Votre appartement doit être en effet très bruyant. Mais vous devez pouvoir vous en défendre à force de sourdines. A côté du bruit, il y a de l’espace pour que le bruit s'y répande et s'y perde. Vous jouirez beaucoup du printemps. La verdure, le soleil et les oiseaux reviendront pour vous aux Tuileries plutôt que pour personne.
A propos de retour, les Granville sont-ils revenus ?

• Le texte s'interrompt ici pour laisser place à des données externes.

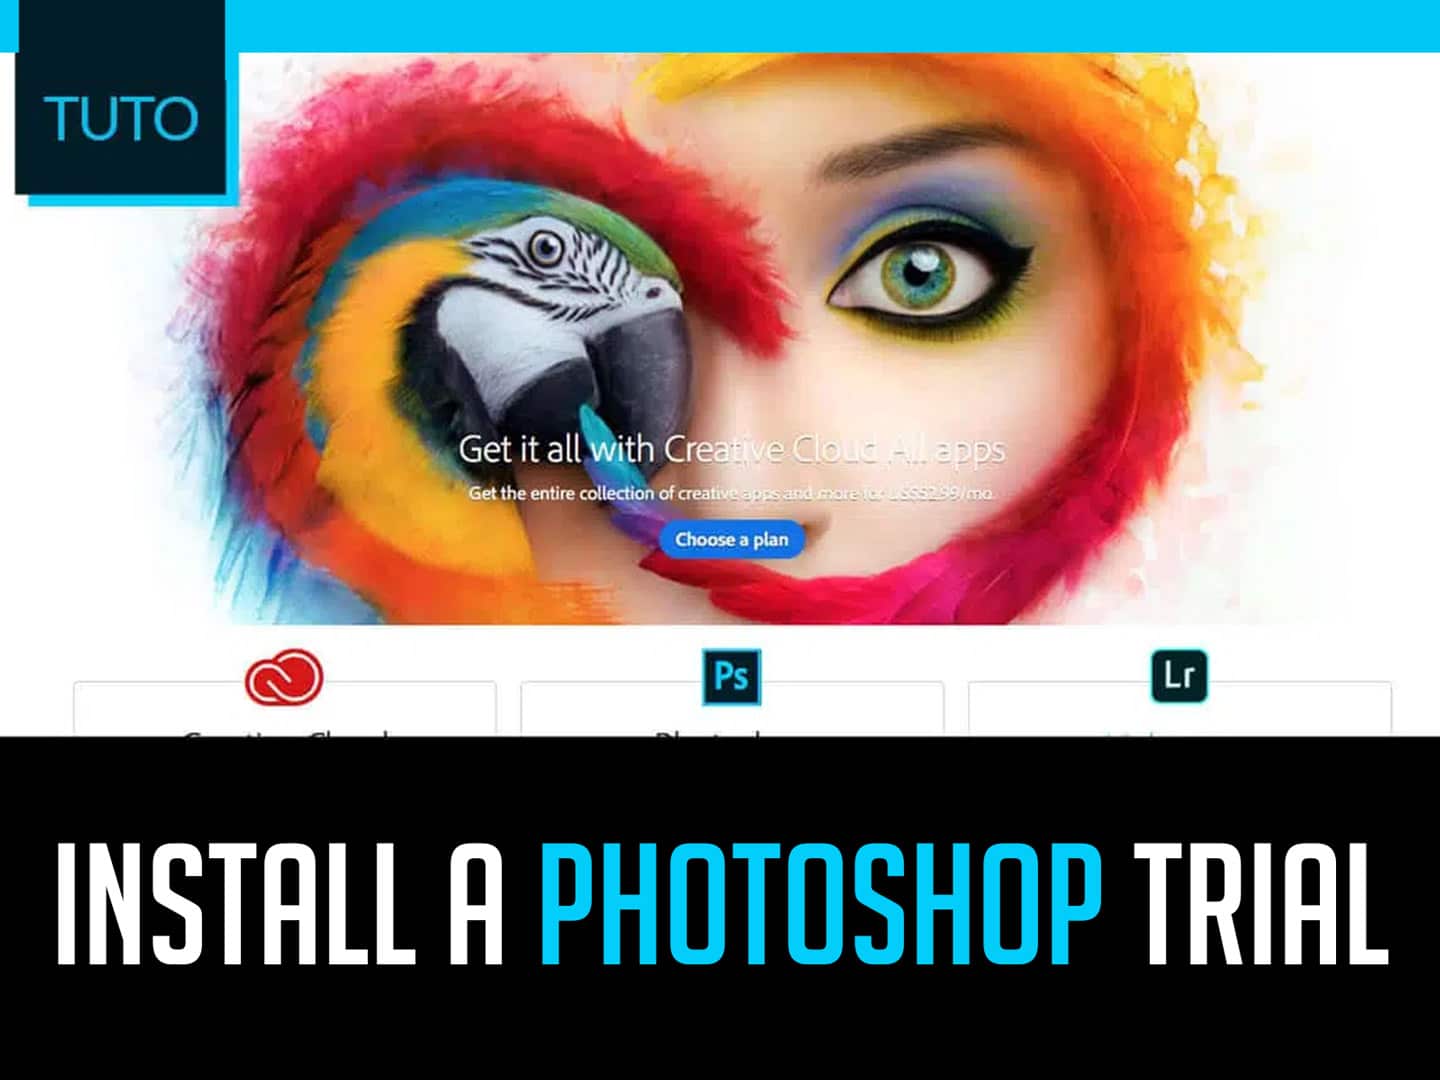 Photoshop free trial tutorial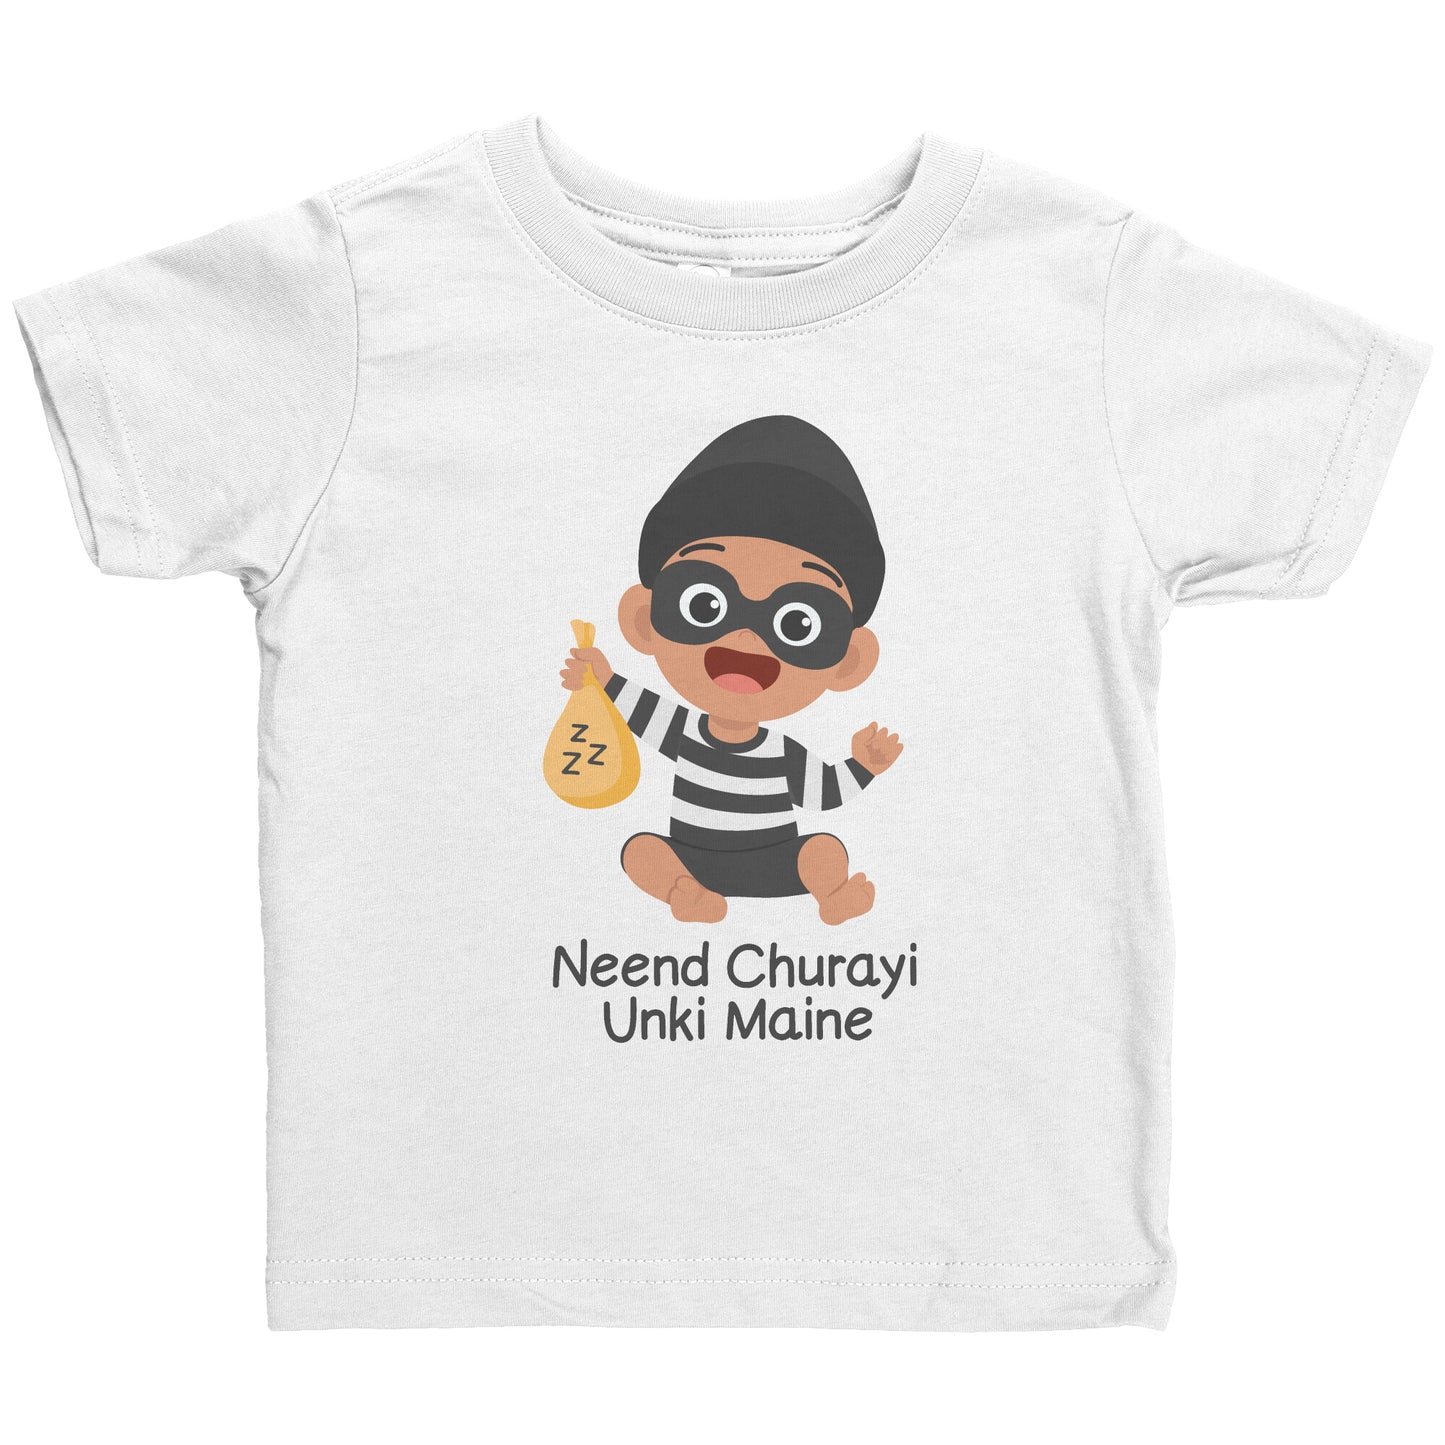 Neend Churayi Unki Maine Toddler Sizes

Il faut à présent que quelque incident survienne qui fasse faire à la question d'Orient un nouveau pas. Nous sommes tous en Occident arrivés au point où nous resterons sur cette affaire. Je ne vois pas d’où viendraient la concession et le mouvement. Le statu quo indéfini ne se peut pourtant pas. Je compte sur Méhémet. Avez-vous remarqué, dans le Constitutionnel l'humeur de Thiers sur les faveurs de Madrid pour le Maréchal, la toison la grandesse &.. ? Il va, en fait, de jalousie, sur les brisées de M. Molé. On dit que le Maréchal grogne un peu des 30 000 fr que lui coûte le brevet de la Toison. Voici ce qu’on me dit : " Thiers est ici ricanant. beaucoup, mais sans tapage. Ses amis sont très sombres. Ils sont chargés de faire quelques avances aux centres. Mais le mot d’ordre varie tous les jours. Il n’y a qu’un sentiment qui ne change pas, c’est la fureur contre Dufaure et Passy. " M. Passy a gagné quelque chose auprès du Roi. Le Roi le trouve plus intelligent que les autres sur les Affaires étrangères, et aussi plus large, un peu plus aristocratique en fait de Gouvernement. Il a consenti en effet à demander une dotation pour M. le duc de Nemours. Le Roi traitera toujours bien MM. Passy et Dufaure. Il leur sait un gré infini de ce que Thiers ne leur pardonne pas ! M. Dufaure s'affectionne beaucoup au Ministère.

10 heures
Vous m’arrivez à travers un brouillard effroyable. Vous avez le pouvoir de dissiper tous ceux du dedans. Mais ceux du dehors vous résistent. Je suis charmé que Lady Granville, soit de retour. Je reviendrai aussi. Et plus vous me presserez, plus je serai charmé de revenir. La coquetterie est indestructible. N'est-ce pas ? Adieu. Adieu. Ne vous tracassez pas. Adieu.